At 05:21 PM 11/16/2007, John Thornton wrote:
>What if I want to write a book about how stupid the working poor are and
>so I do what Ehrenreich did to get close to working poor people.
>I buddy up, lie to them and tell them I'm 'one of them' and get them to
>open up and tell me things they might not tell a researcher.


>Then I turn and use that information and rake them over the coals and cite
>numerous examples of just how stupid they are to support the idea that
>they are poor because they are stupid. You'll be OK with the fact that I
>lied to them, and misrepresented myself so I could get the story I wanted?

I asked earlier, but I'll ask again on the thread itself. Could you point to the examples where she does this? I personally can't see it, but maybe you could explain where you do so I can look at it with fresh eyes. She explicitly says they aren't stupid and frequently explains how what appears to be stupid behavior is not stupid at all. But I can see how she might undermine her own claims. So, I'm curious how you think she has.

Here's how workers responded to her leaving and her "real" identity -- with real under erasure b/c, as BE explains, when it comes to co-workers, most of us are not anything other than what we do on the job. She was a Walmart worker or maid or dietary assistant to them and they don't much care if she's writing a book. Which I don't find surprising. Plenty of folks in the low wage work force are there, not necessarily because they were born into it, but often were on the way out, with identities oriented and aspirations geared, toward something else or were, in fact, working a rung or two up the ladder. Anyway, the relevant passages:

"On my last afternoon, I try to explain who I am and why I've been working here to the women on my team for the day, a much more spirited group than Holly's usual crew. My announcement attracts so little attention that I have to repeat it: "Will you listen to me? I'm a writer and I'm going to write a book about this place." At last Lori leans around from the front seat and hushes the others with "Hey, this is interesting," and to me: "Are you like, investigating?"

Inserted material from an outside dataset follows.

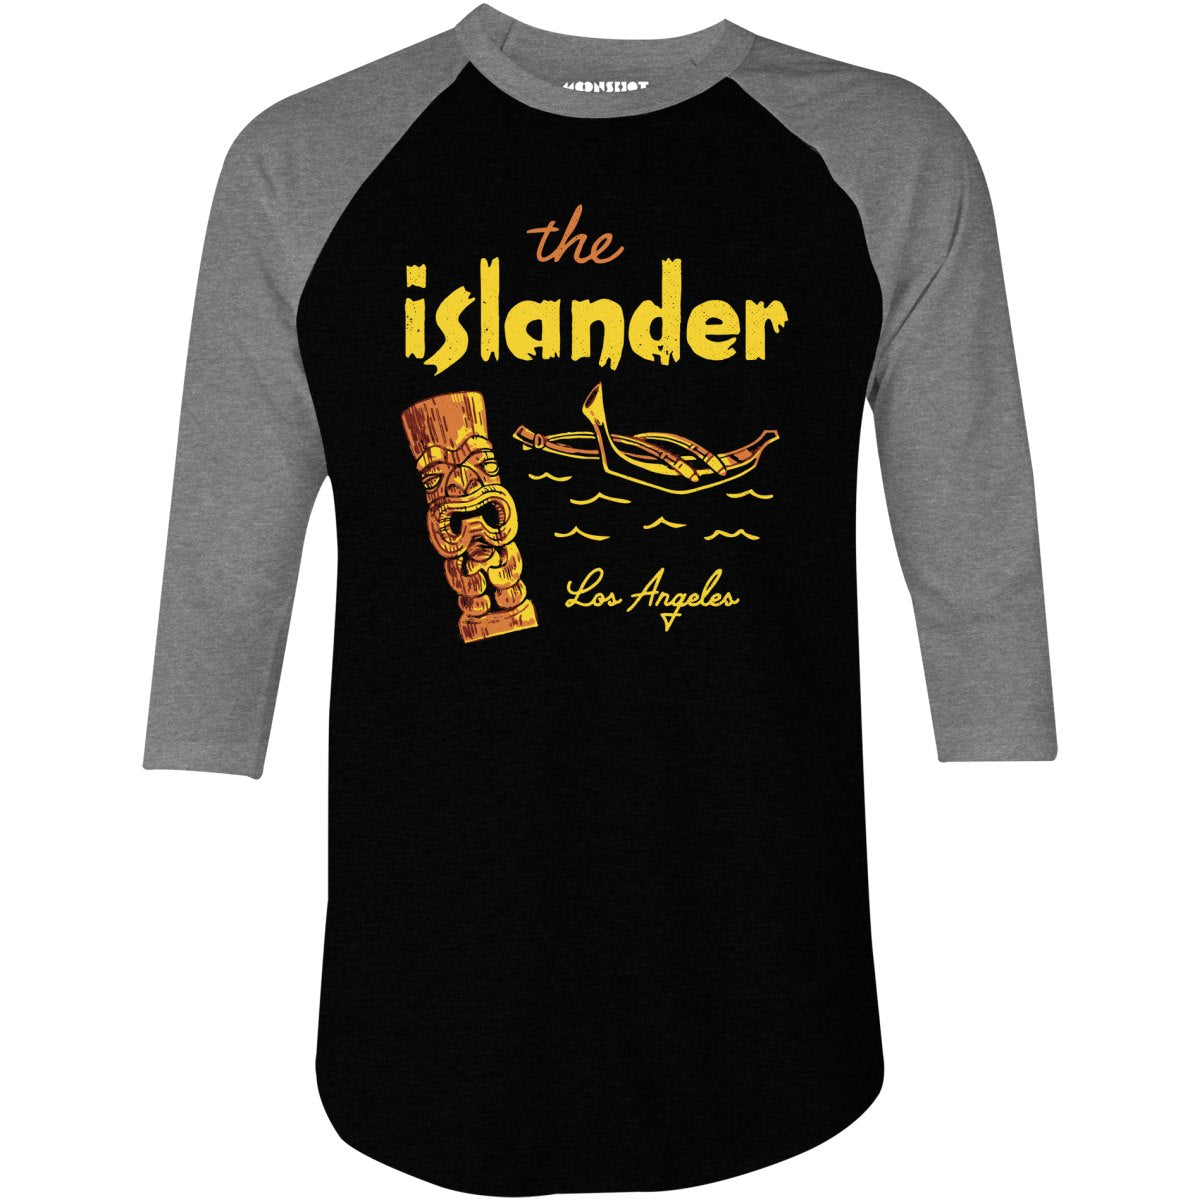 The Islander v2 - Los Angeles, CA - Vintage Tiki Bar - 3/4 Sleeve Raglan T-Shirt

Well, not just this place and not exactly "investigating," but Lori has latched on to that concept. She hoots with laughter. "This place could use some investigating!" Now everyone seems to get it-not who I am or what I do-but that whatever I'm up to, the joke is on Ted.

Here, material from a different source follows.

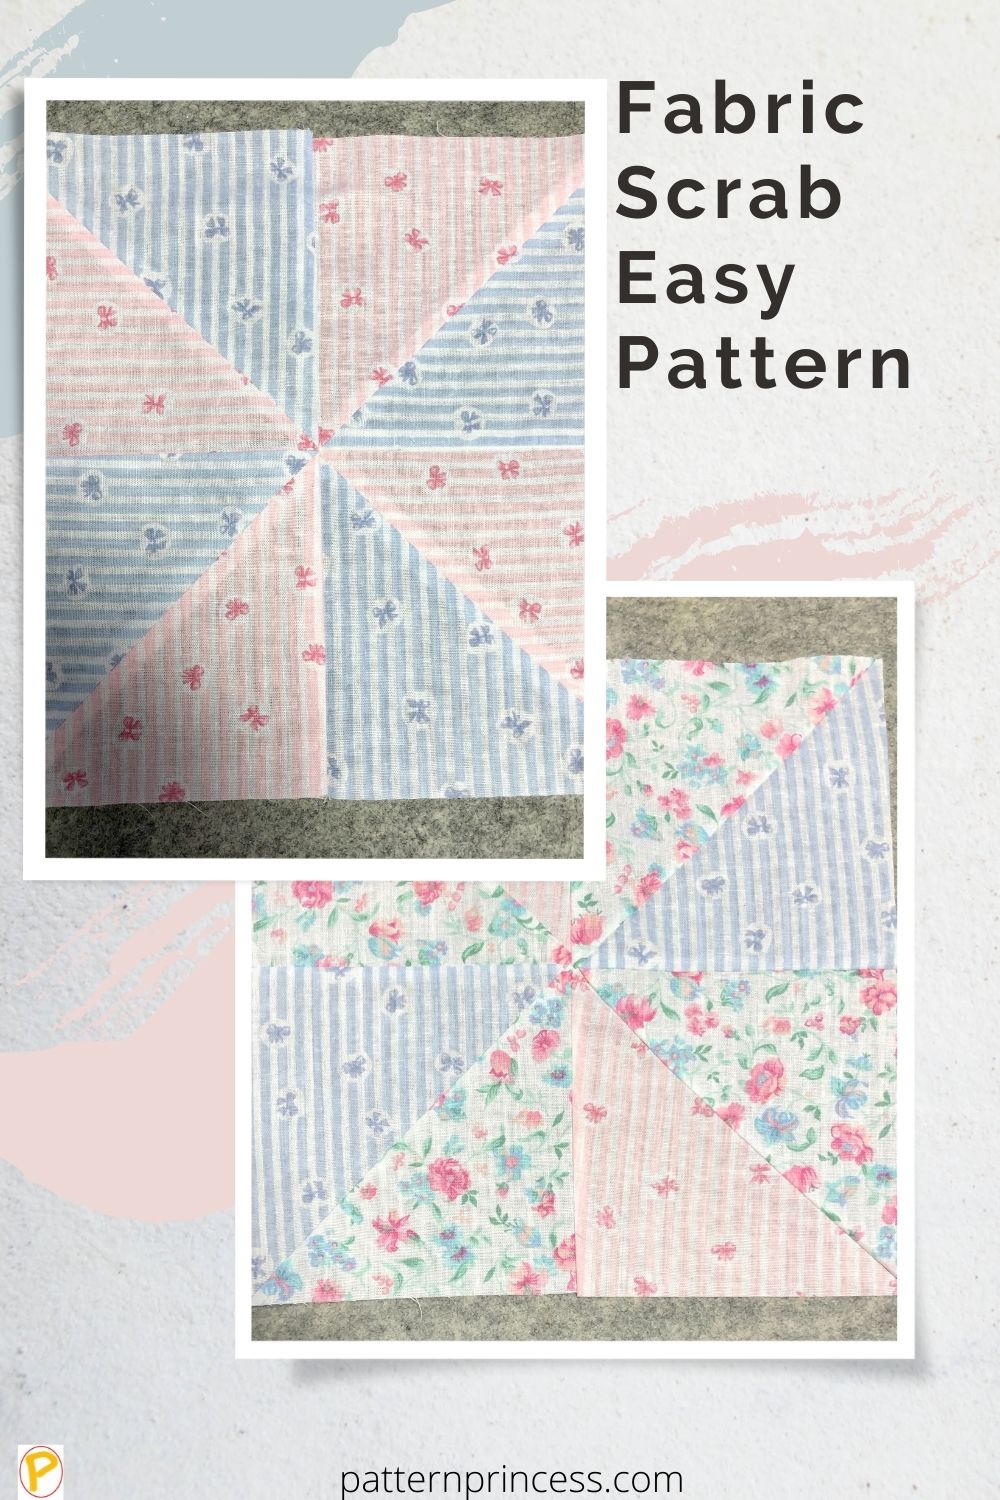 Fabric Scrab Easy Pattern

At least now that I'm "out" I get to ask the question I've wanted to ask all this time: How do they feel, not about Ted but about the owners, who have so much while others, like themselves, barely get by? This is the answer from Lori, who at twenty-four has a serious disk problem and an $8,000 credit card debt: "All I can think of is like, wow, I'd like to have this stuff someday. It motivates me and I don't feel the slightest resentment because, you know, it's my goal to get to where they are."

And this is the answer from Colleen, a single mother of two who is usually direct and vivacious but now looks at some spot straight ahead of her, where perhaps the ancestor who escaped from the Great Potato Famine is staring back at her, as intent as I am on what she will say: "I don't mind, really, because I guess I'm a simple person, and I don't want what they have. I mean, it's nothing to me. But what I would like is to be able to take a day off now and the n ... if I had to ... and still be able to buy groceries the next day."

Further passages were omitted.